▶ **Goal of the exercise**: Copy out, unchanged, every line from the start of the records to the line that contains "w stroju szlachcica", and stop there.

# # # # # # #

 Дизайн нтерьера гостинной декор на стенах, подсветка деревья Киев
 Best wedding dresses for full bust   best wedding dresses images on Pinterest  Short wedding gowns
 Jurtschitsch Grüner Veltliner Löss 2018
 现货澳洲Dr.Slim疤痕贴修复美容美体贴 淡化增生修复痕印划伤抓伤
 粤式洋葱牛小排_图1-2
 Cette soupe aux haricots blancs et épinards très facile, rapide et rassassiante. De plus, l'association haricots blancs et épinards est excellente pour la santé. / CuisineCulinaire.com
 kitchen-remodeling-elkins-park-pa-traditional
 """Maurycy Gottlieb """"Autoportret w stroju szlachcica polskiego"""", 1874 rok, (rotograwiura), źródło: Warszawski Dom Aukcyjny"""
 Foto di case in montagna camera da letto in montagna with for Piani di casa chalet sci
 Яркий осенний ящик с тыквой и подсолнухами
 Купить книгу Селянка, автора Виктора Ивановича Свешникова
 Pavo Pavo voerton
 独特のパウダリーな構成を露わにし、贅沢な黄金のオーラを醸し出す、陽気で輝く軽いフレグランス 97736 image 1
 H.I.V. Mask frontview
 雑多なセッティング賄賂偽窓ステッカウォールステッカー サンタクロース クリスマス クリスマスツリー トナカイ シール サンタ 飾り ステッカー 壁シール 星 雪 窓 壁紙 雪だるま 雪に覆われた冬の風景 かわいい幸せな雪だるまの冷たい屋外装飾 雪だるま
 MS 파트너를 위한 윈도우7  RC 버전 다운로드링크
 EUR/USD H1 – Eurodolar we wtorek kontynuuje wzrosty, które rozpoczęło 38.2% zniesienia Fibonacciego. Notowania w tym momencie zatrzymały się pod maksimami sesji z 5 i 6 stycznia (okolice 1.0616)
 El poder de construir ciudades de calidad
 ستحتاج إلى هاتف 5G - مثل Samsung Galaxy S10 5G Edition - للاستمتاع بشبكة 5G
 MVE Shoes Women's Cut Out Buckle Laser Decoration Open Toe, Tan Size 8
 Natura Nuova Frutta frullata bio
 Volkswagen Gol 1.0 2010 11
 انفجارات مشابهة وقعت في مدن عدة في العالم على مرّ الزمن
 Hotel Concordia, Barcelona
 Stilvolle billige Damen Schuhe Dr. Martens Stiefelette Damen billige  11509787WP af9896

# # # # # # #

▶ **Task solution**:
 Дизайн нтерьера гостинной декор на стенах, подсветка деревья Киев
 Best wedding dresses for full bust   best wedding dresses images on Pinterest  Short wedding gowns
 Jurtschitsch Grüner Veltliner Löss 2018
 现货澳洲Dr.Slim疤痕贴修复美容美体贴 淡化增生修复痕印划伤抓伤
 粤式洋葱牛小排_图1-2
 Cette soupe aux haricots blancs et épinards très facile, rapide et rassassiante. De plus, l'association haricots blancs et épinards est excellente pour la santé. / CuisineCulinaire.com
 kitchen-remodeling-elkins-park-pa-traditional
 """Maurycy Gottlieb """"Autoportret w stroju szlachcica polskiego"""", 1874 rok, (rotograwiura), źródło: Warszawski Dom Aukcyjny"""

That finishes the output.